- _Work required_: For this exercise, an exact copy is needed of only the lines from the one containing "American Seed brand" through the end of the data, with pictures left out.

- _Information supplied_:
· · · ·

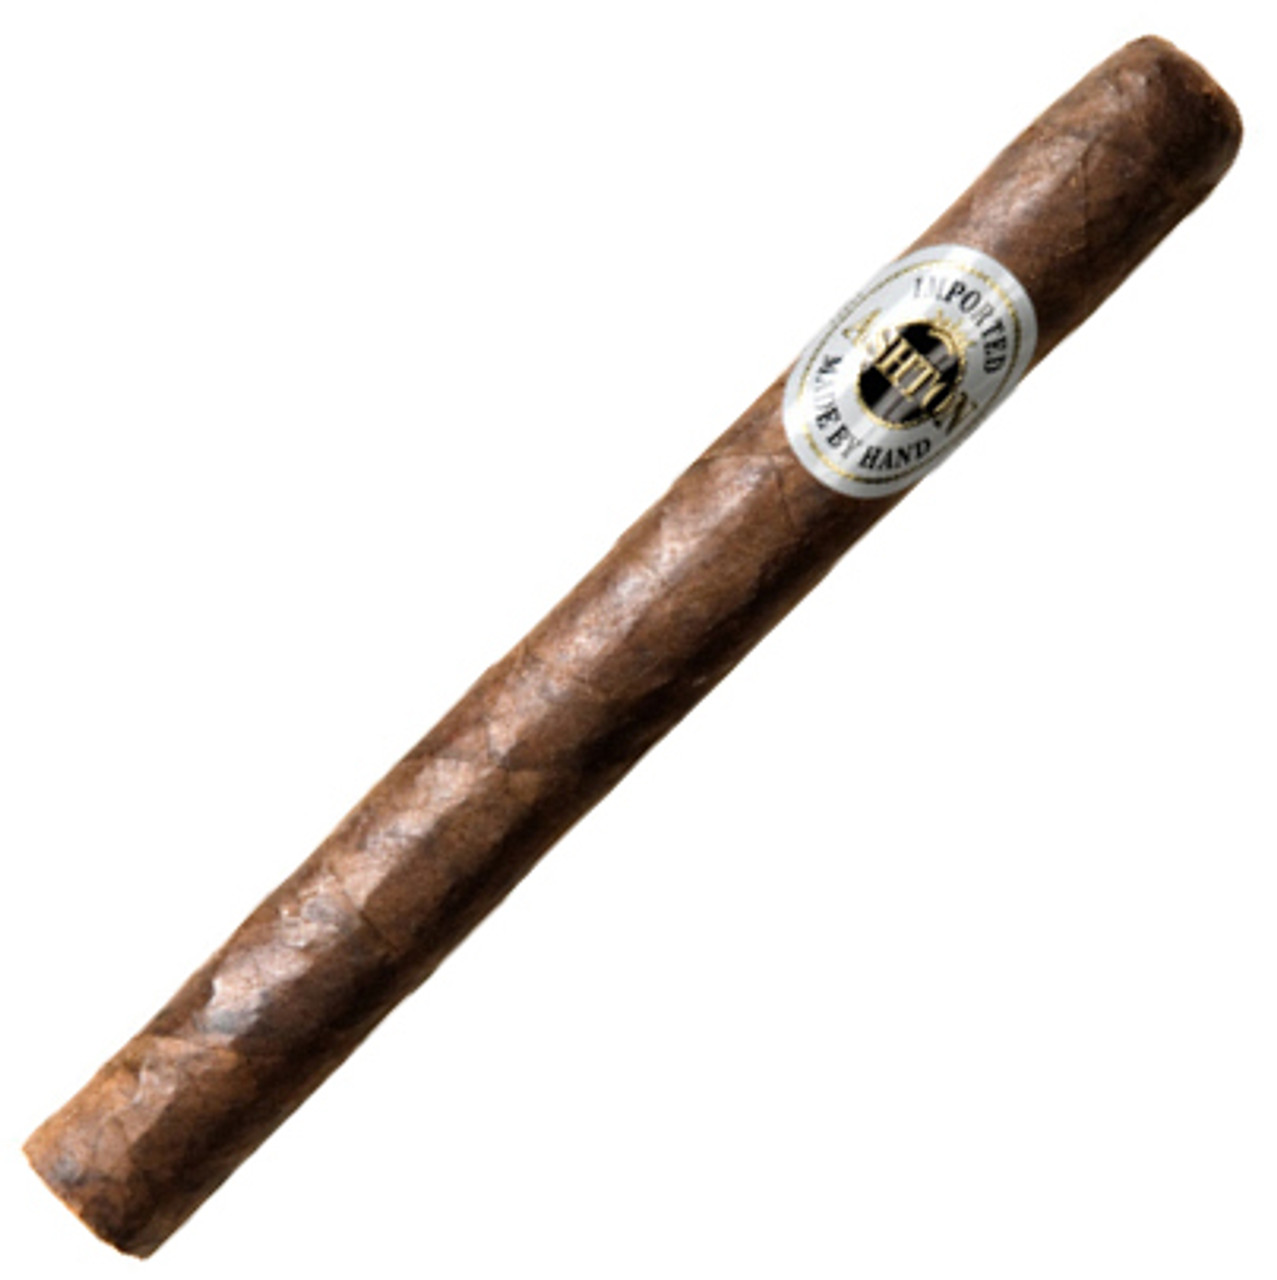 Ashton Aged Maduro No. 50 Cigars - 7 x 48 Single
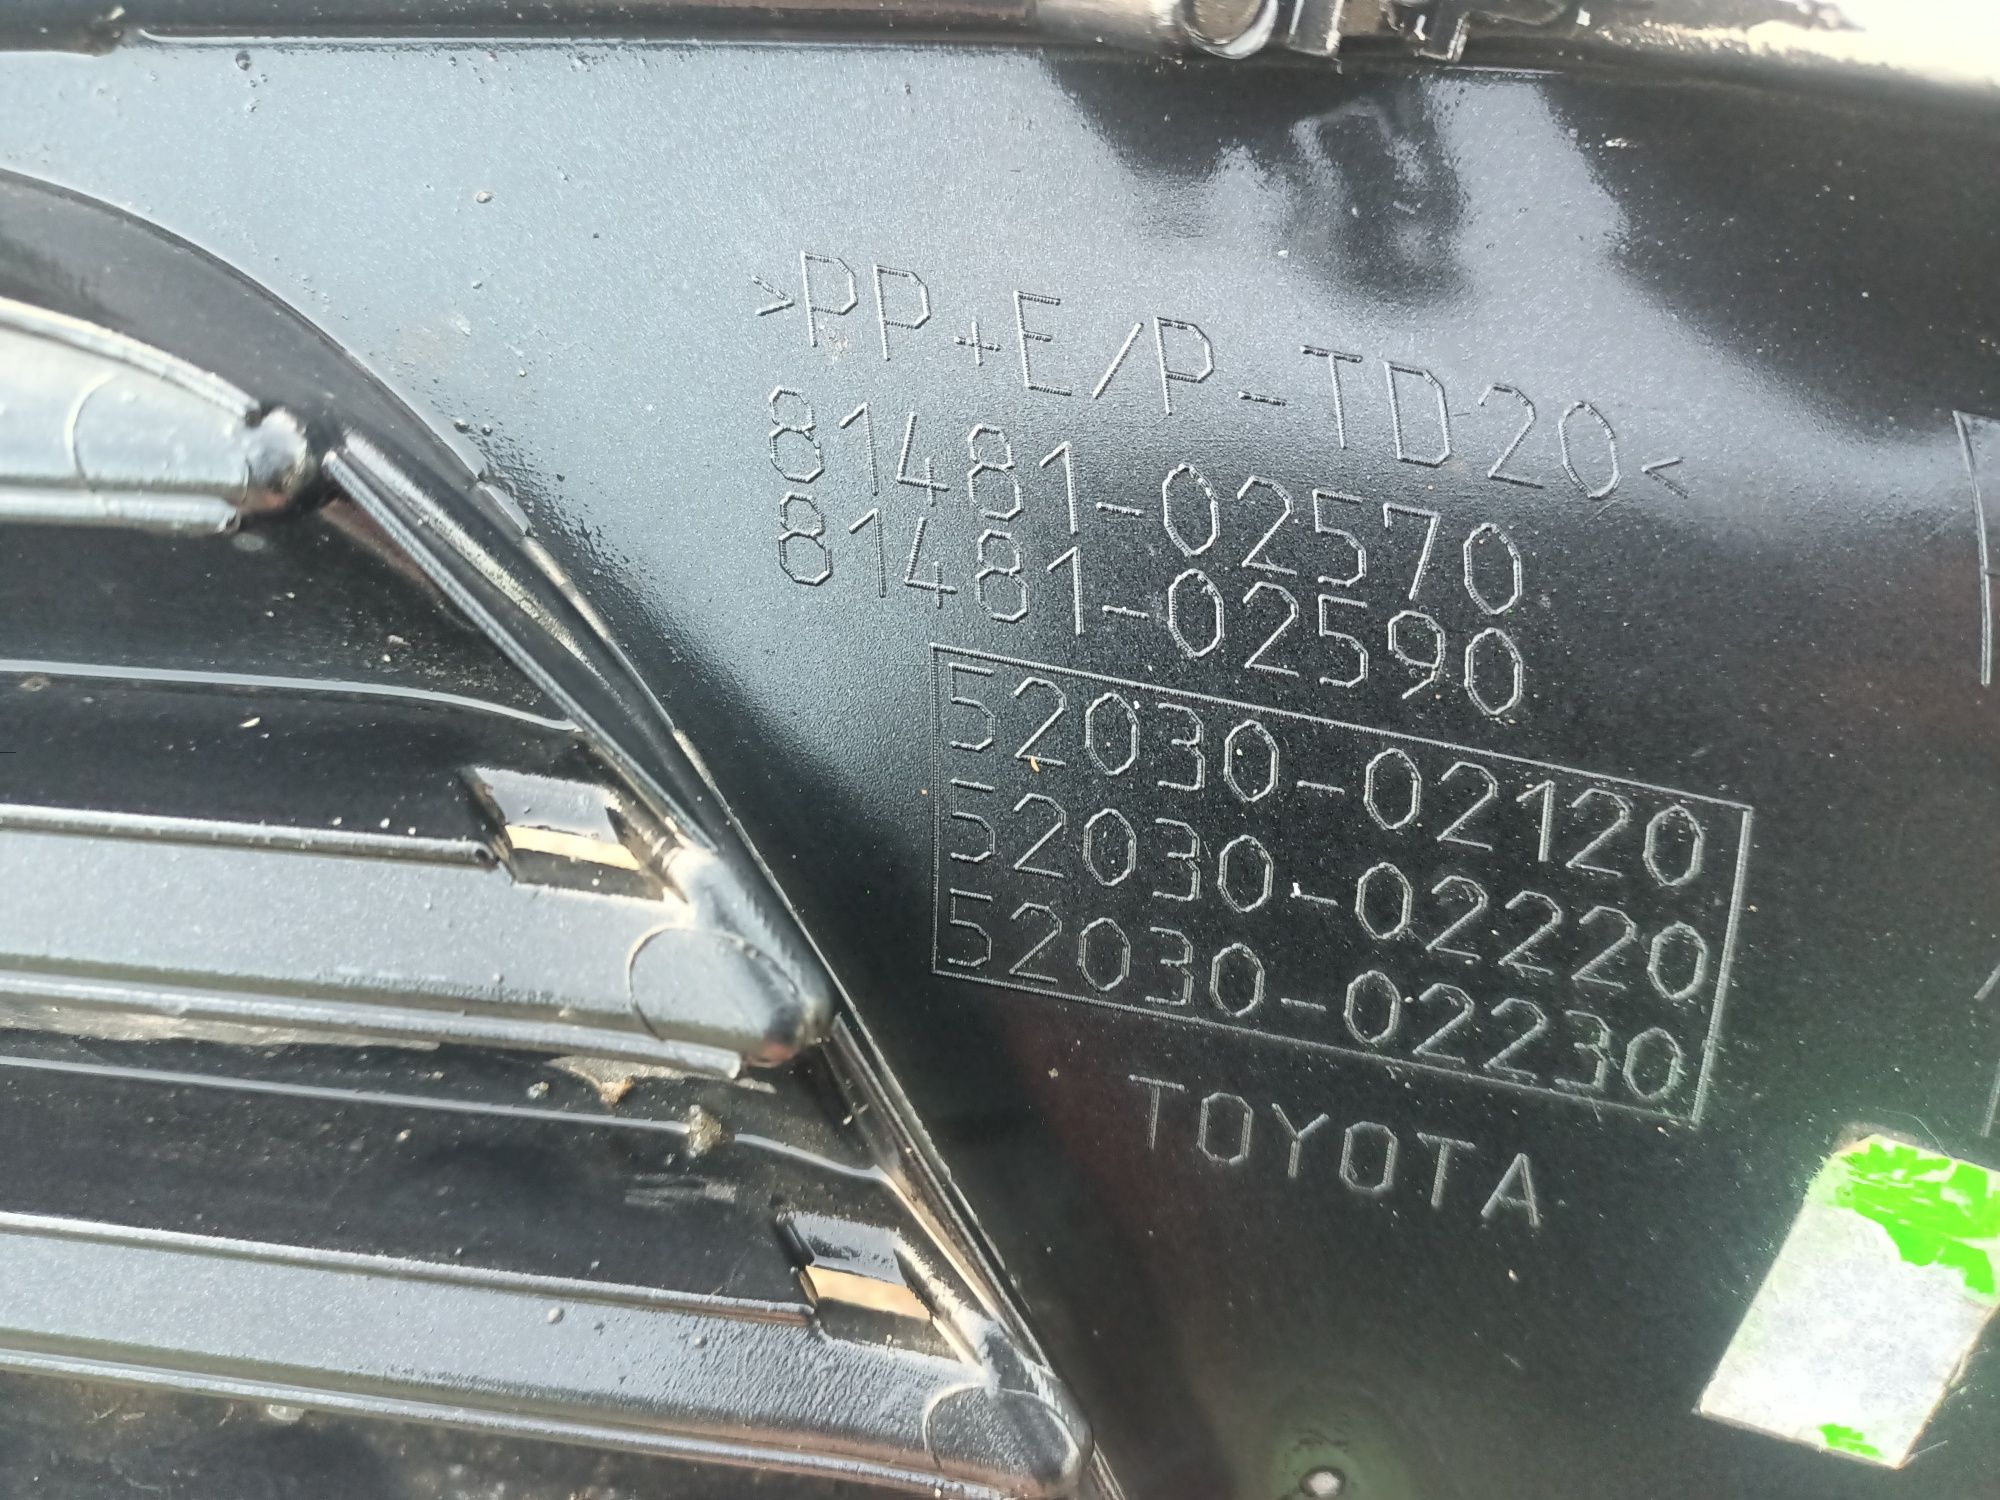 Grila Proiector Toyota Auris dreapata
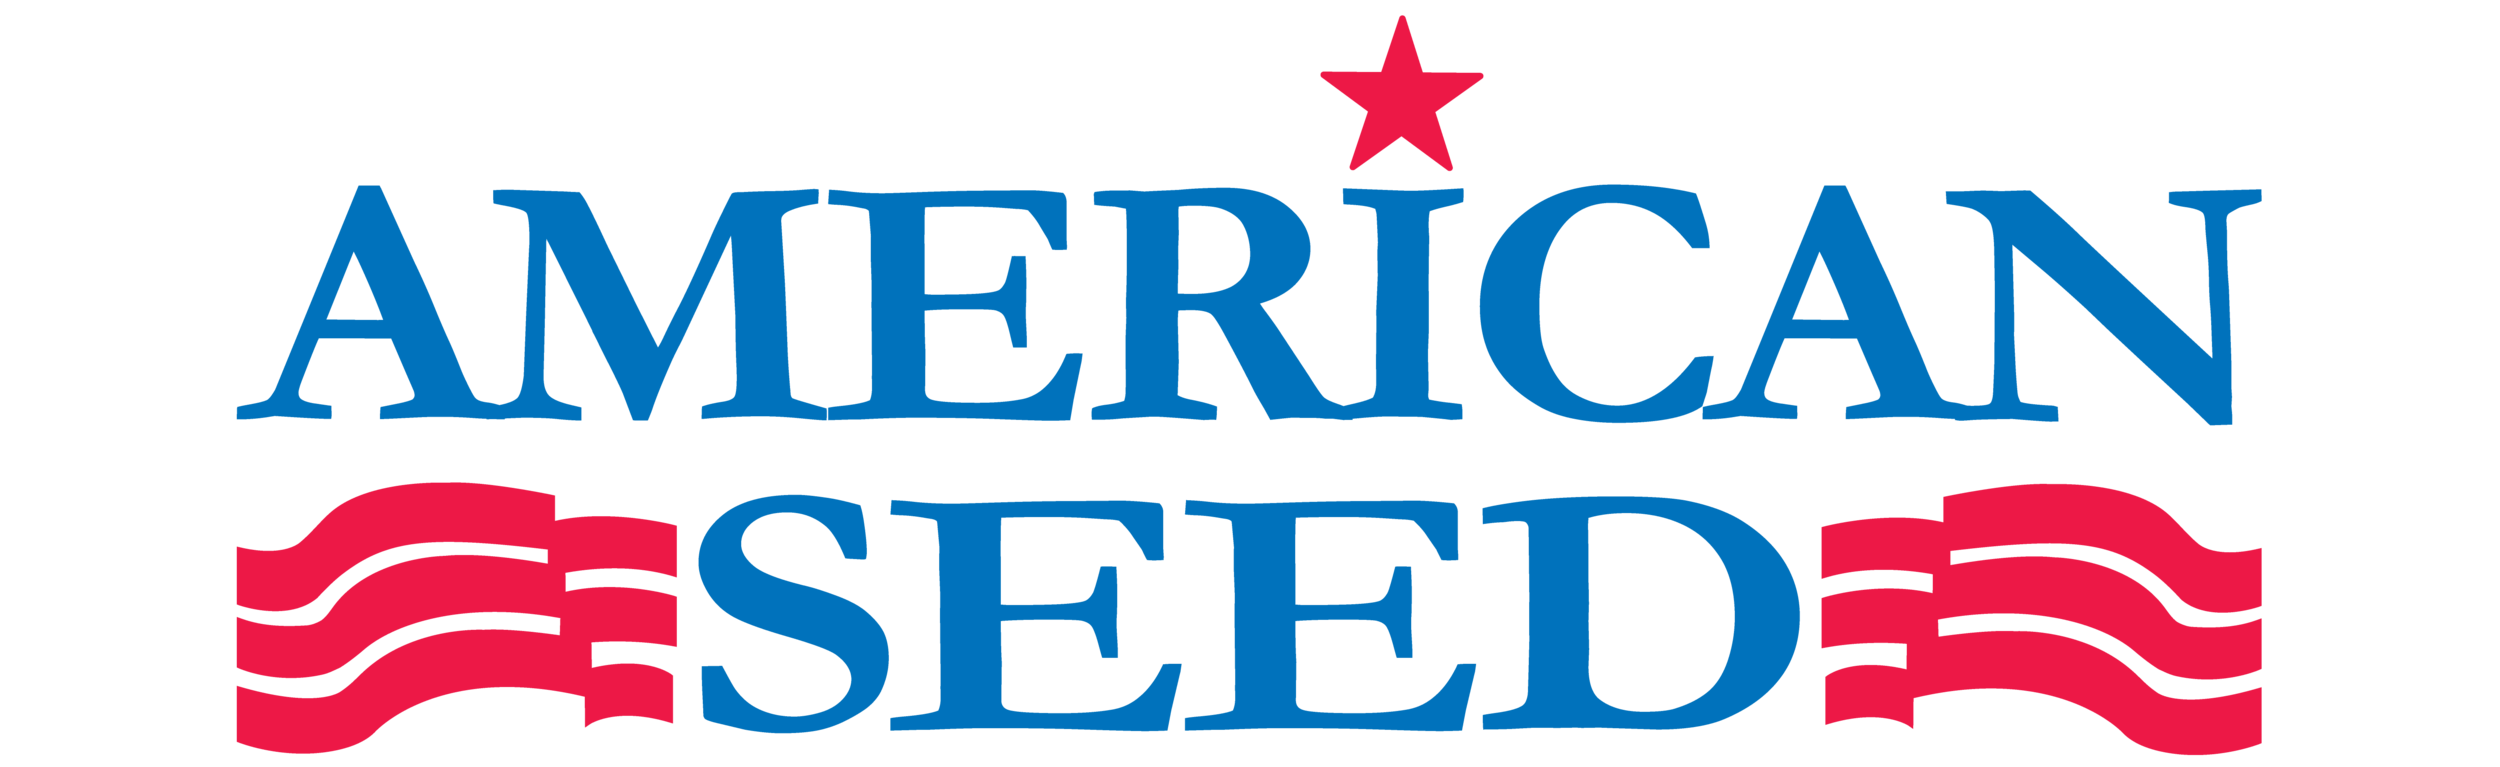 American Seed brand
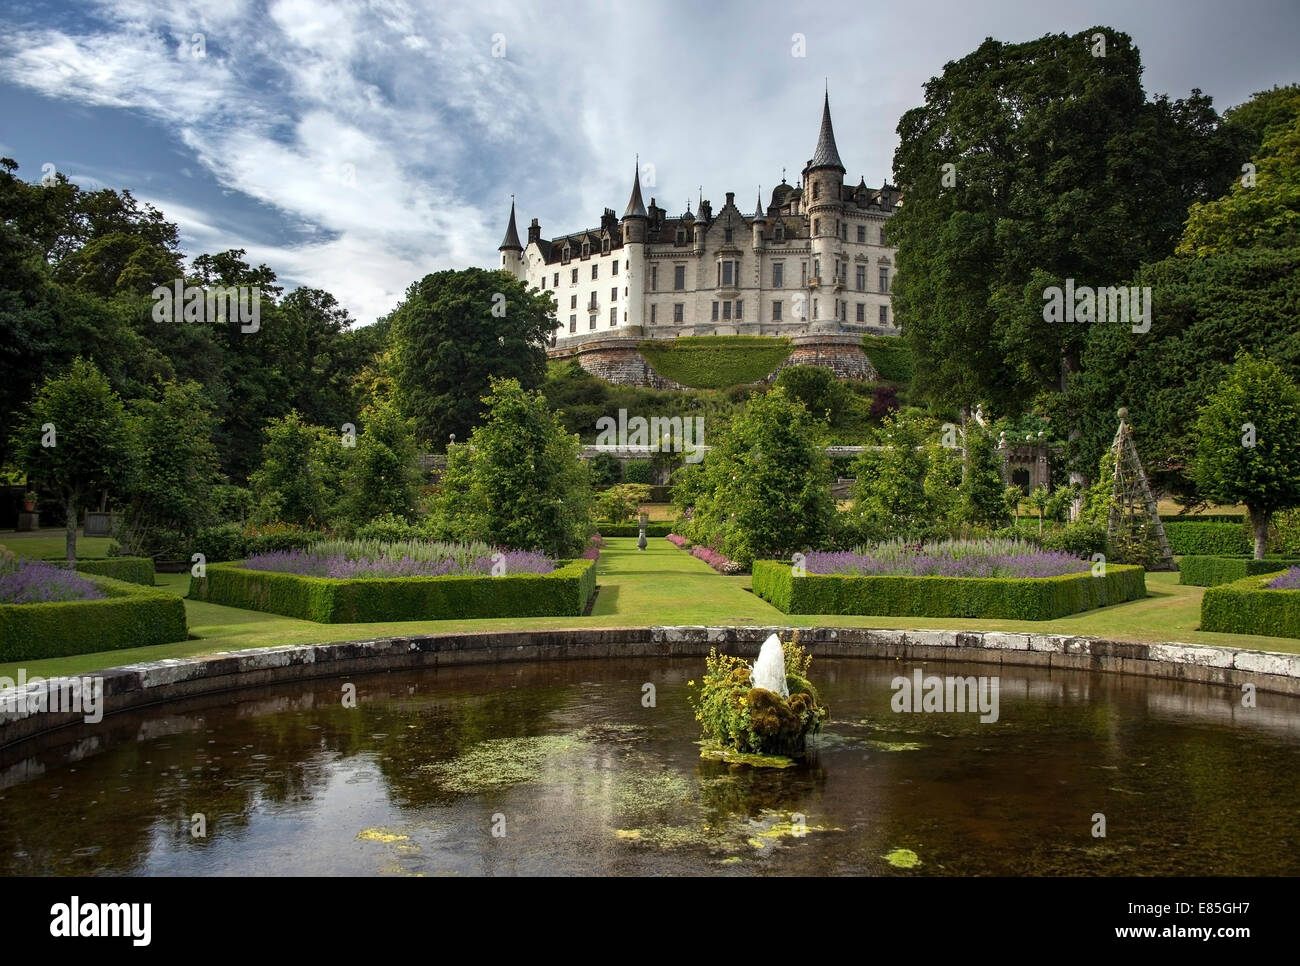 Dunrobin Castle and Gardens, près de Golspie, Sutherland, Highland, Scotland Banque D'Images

· · · ·

- _Exercise answer_:
 American Seed brand
 Dunrobin Castle and Gardens, près de Golspie, Sutherland, Highland, Scotland Banque D'Images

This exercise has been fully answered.